When the movie ended, Solara looked to my printer. I have a laptop with a scrubbed IP address, and that’s the one I use to print out new documents for our mock end specialization clients. The official U.S. government site I use to create the documents is monitored. But the fifty thousand illegal Russian mirror sites are not. Sitting in my printer tray was a fresh plug-in license for Katie Baker. She turned back to me.
“Is this stupid?” she asked.
“What?”
“All this stuff you’re doing for me. Is it stupid? We’re all gonna die soon anyway.”
“You’d be surprised at what people can live through and how much of it they can live through.”
“Do you have kids?”
“I had a son. He was killed by the insurgency.”
“So that’s why you became an end specialist.”
“No, I became an end specialist because I like it. What about you? Kids of your own?”
She placed a hand on her stomach and made a little circle.
I was floored. “Get the hell out of here,” I said.
“Fourteen weeks.”
“Who’s the father?”
“Some asshole who’ll never get to see what comes out of this body.” She sipped a Dr Pepper. “When I was in my thirties, I had abortions. Three of them. After the third the doctor told me I could never have kids again. That was my penalty for procrastinating, for being selfish. Then I got Skeleton Key, and the doctor forgot to tell me that all those little fancy robots would do me the added courtesy of repairing my mangled uterus. He never told me to start using birth control again. It’s funny what doctors decide to tell you and what they decide to keep from you.”
I stared at her with huge eyes. “It’s a miracle.”

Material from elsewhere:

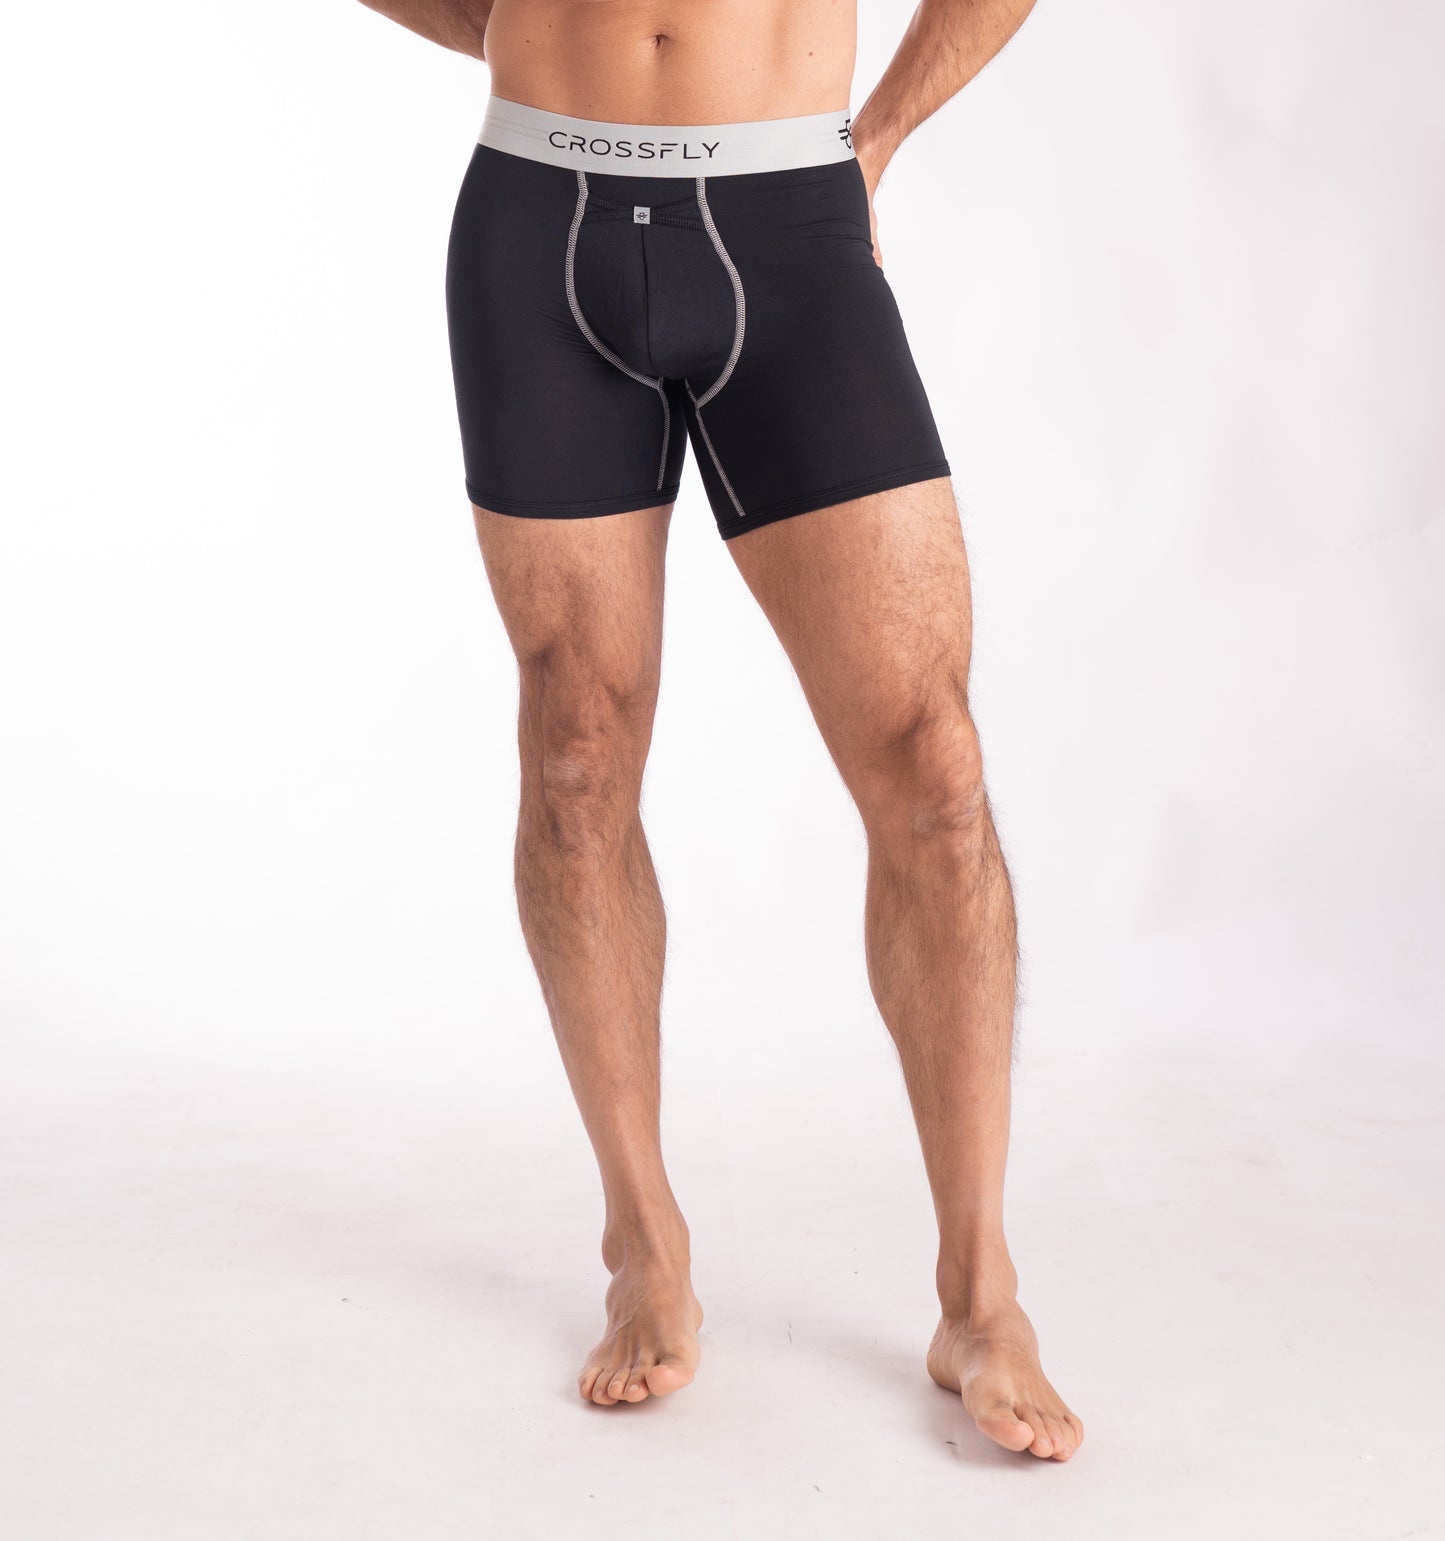 Crossfly men's IKON X 6" black / silver boxers from the Everyday series, featuring X-Fly and Coccoon internal pocket support.

She glanced at the end credits of the movie. “No, it isn’t.”
DATE MODIFIED:
6/27/2079, 5:59 A.M.
“This is the next logical step”
Metro was down today. I walked the handful of miles underground, joined Ernie at the East Falls Church compound, and we set out in Big Bertha. On our way to Bethesda, we got stuck in the center of the American Legion Bridge, and I peered over the barrier down into the overflowing, toxic Potomac below. The little dock shanties jutted out into the wide path of gray sludge. I saw men in crude gondolas navigating the river with long paddles, there for God knows what reason. I saw bonfires sporadically lining the banks, with burnouts and addicts standing around the flames, content to stare. All of them were destitute, picked clean by gangs and left with nothing more to ransack. Reams of homeless men purporting to be Arctic War veterans wandered through the middle of traffic, eager to sell dandelions and any other colorful weeds they had found in the ground.